Смолбоун стоял и молча рассматривал рассерженного Тома. Он был красивым молодым человеком в возрасте далеко за двадцать. Высокий, мускулистый, с бронзового цвета кожей, с темно-карими глазами и ртом, который скорее привык улыбаться, чем быть вытянутым в твердую линию, как это было сейчас.
– Ее дедушка, – прервал Тома Смолбоун. – Это был старый Джордж Маунтджой, не так ли?
– Что из того, если и был?
– А ее отцом был сын Джорджа Дэвид?
Том сердито нахмурился.
– Я не собираюсь никого расстраивать, – миролюбиво заметил Смолбоун. – Просто мне поручили выполнить эту работу, и мне сейчас сдается, что я ее выполнил. Но у меня есть сообщение для мисс Ханичайл от ее двоюродного прадеда, который является Джорджу братом. И мне хотелось бы передать его лично ей.
В этот момент Смолбоун услышал стук копыт.
– Будь я проклят, – сказал он с довольной улыбкой, – если именно сейчас мне не представится такой случай.
Детектив считал себя знатоком лошадей и женщин.

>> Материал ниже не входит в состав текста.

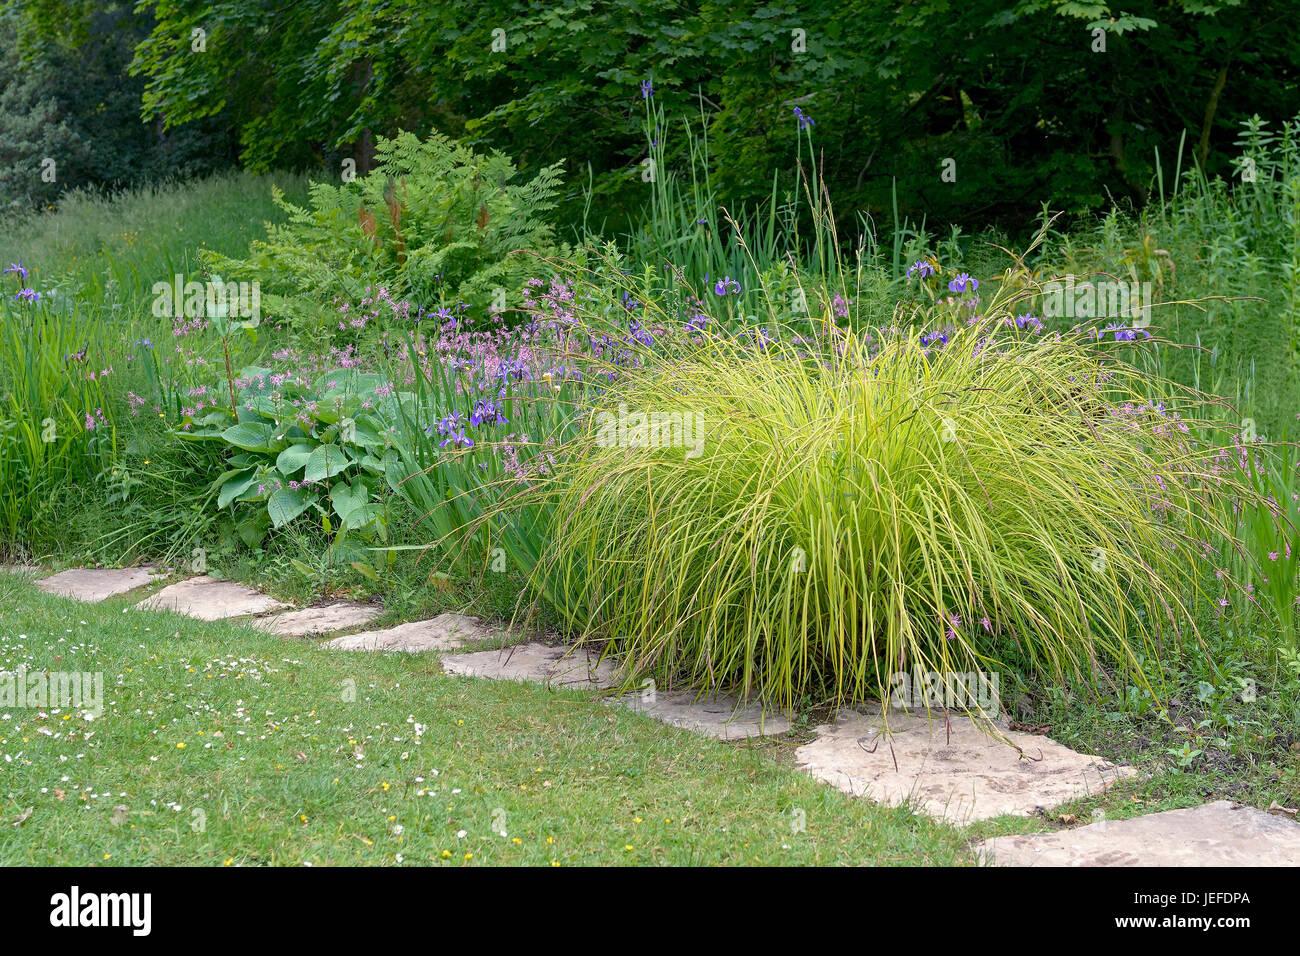 Stiff Segge, Carex elata Aurea , Steife Segge (Carex elata 'Aurea') - Stock Image

Лошадь была великолепной: сильной, с гордо поднятой головой и развевающимся белым хвостом и, кроме всего прочего, вычищенной до блеска. Ее шкура блестела, как свежий мазок краски, копыта были такими чистыми, словно ей сделали маникюр, а серебро в уздечке ярко сверкало на солнце.
Ему захотелось, чтобы он мог сказать то же самое о женщине, сидевшей на лошади. Она была высокой и стройной, но вся в грязи. Ее длинные светлые волосы, стянутые в хвостик на затылке, прилипли к голове от пота. На ней был мужской фартук, надетый поверх синего рабочего комбинезона, грязная рубашка и стоптанные ковбойские сапоги. Слой свежей пыли покрывал ее с головы до ног, придавая ее коже сероватый оттенок; с грязного лица на детектива сердито смотрели яркие голубые глаза.
– Догадываюсь, кто вы такой, – резко сказала девушка. – Я ничего не собираюсь обсуждать с вами. Прошу покинуть мои частные владения. Немедленно.
– Прошу прощения, мэм, – вежливо заметил Смолбоун, – но я не на вашей земле.
Ханичайл сердито посмотрела на детектива:
– Но ваша машина стоит на моей земле, закрывая мне проезд. Немедленно уберите ее, или я позову шерифа и он сделает это за вас.
– Уверен, что разговариваю с мисс Элоиз Джорджией Маунтджой Хеннесси? Более известной как Ханичайл? Дочерью мистера Дэвида Маунтджоя и миссис Розмари Хеннесси?
Ханичайл побледнела. Она выглядела как напуганное привидение.
– Не смейте ничего говорить о моей матери, – угрожающе прошипела она. – Не смейте даже произносить имя моего отца. Да как вы смеете вмешиваться в наши дела! Я слышала, что вы наводите о нас справки. Почему бы вам не убраться отсюда и не оставить меня в покое?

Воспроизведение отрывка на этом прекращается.